Уилфрид Боэн перекинул ногу через парапет, но отец Браун оттянул его назад за воротник.
– Нет, – сказал он. – Это выход в ад[26].
Боэн попятился и припал к стене, в ужасе глядя на него.
– Откуда вы все это знаете? – крикнул он. – Ты дьявол?
– Я человек, – строго ответил отец Браун, – и значит, вместилище всех дьяволов. – Он помолчал. – Я знаю, что вы сделали – вернее, догадываюсь почти обо всем. Поговорив с братом, вы разгорелись гневом – не скажу, что неправедным, – и схватили молоток, почти готовые убить его за его гнусные слова. Но вы отпрянули перед убийством, сунули молоток за пазуху и бросились в церковь. Вы отчаянно молились – у окна с ангелом, потом еще выше, еще и потом здесь – и отсюда увидели, как внизу шляпа полковника ползает зеленой тлей. В душе вашей что-то надломилось, и вы обрушили на него гром небесный.
Уилфрид прижал ко лбу дрожащую руку и тихо спросил:
– Откуда вы знаете про зеленую тлю?
По лицу отца Брауна мелькнула тень улыбки.

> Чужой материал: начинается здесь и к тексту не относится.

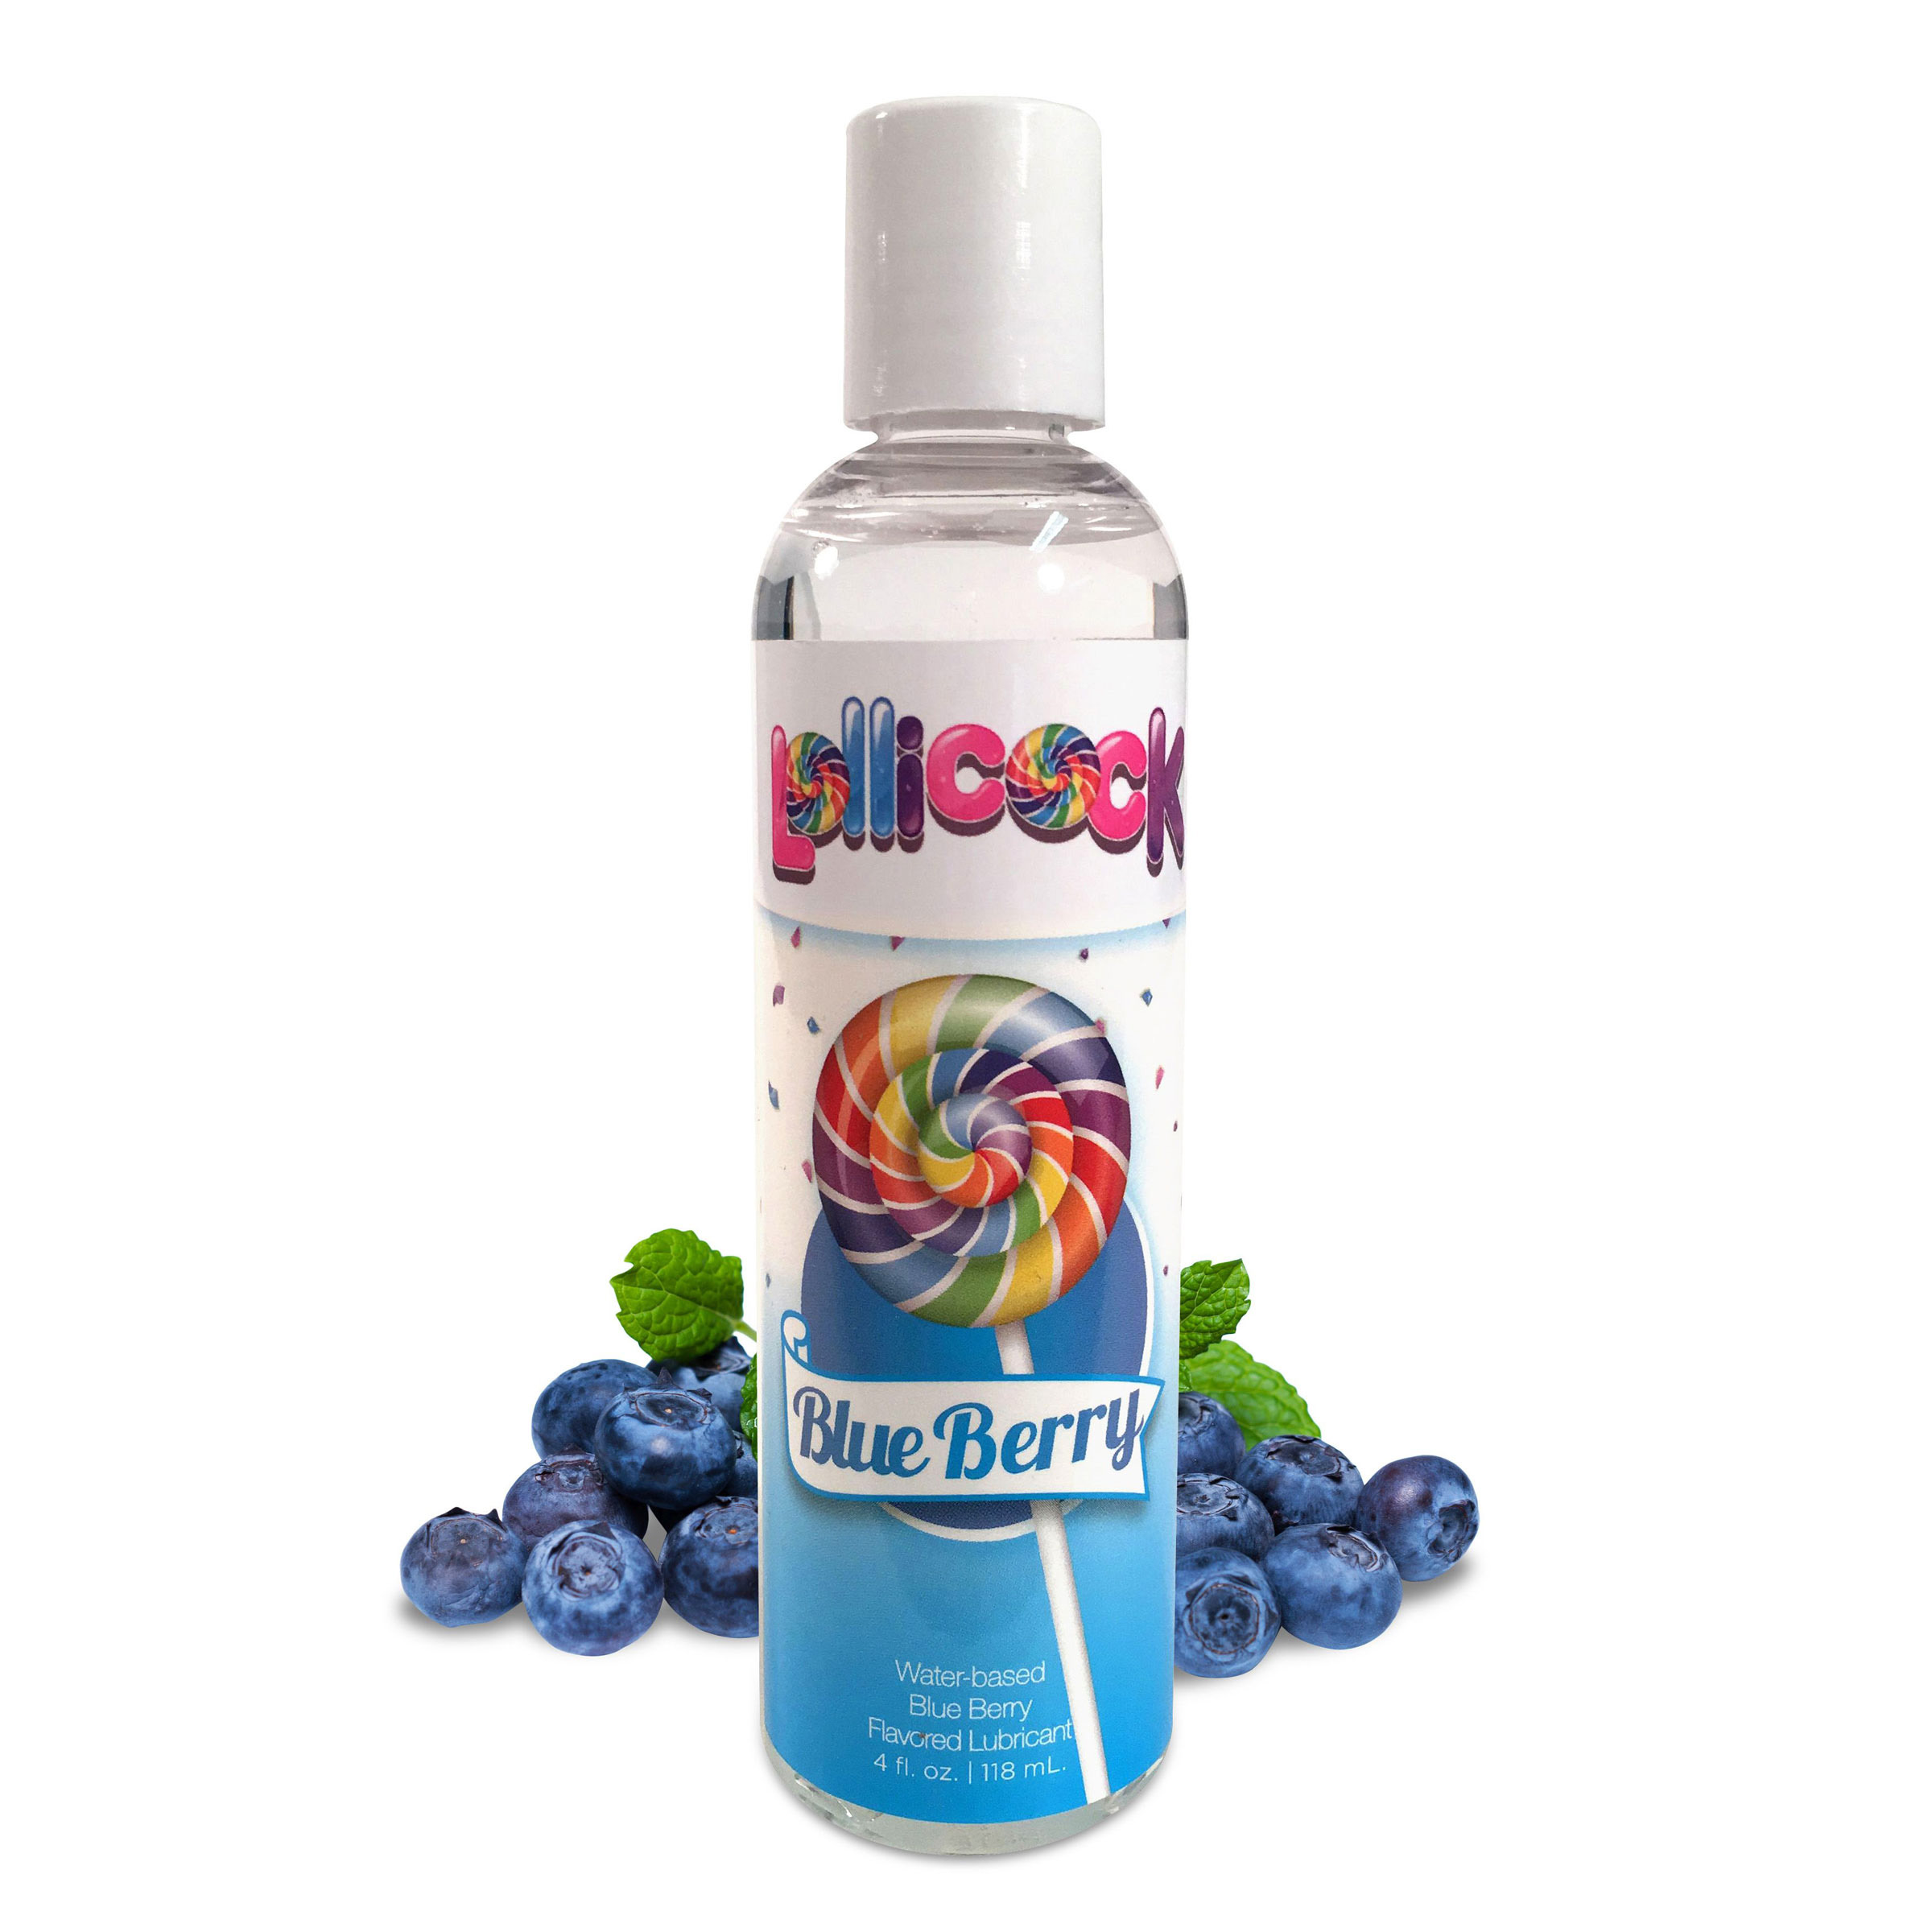 Lollicock 4 oz. Water-based Flavored Lubricant – Blue Berry

– Да это как-то само собой понятно, – сказал он. – Слушайте дальше. Мне все известно, но никто другой не узнает ничего, вам самому решать, я отступаюсь и сохраню эту тайну, как тайну исповеди. Тому много причин, и лишь одна вас касается. Решайте, ибо вы еще не стали настоящим убийцей, не закоснели во зле. Вы боялись, что обвинят кузнеца, боялись, что обвинят его жену. Вы попробовали свалить все на слабоумного, зная, что ему ничто не грозит. Мое дело замечать такие проблески света в душе убийцы. Спускайтесь в деревню и поступайте как знаете; я сказал вам свое последнее слово.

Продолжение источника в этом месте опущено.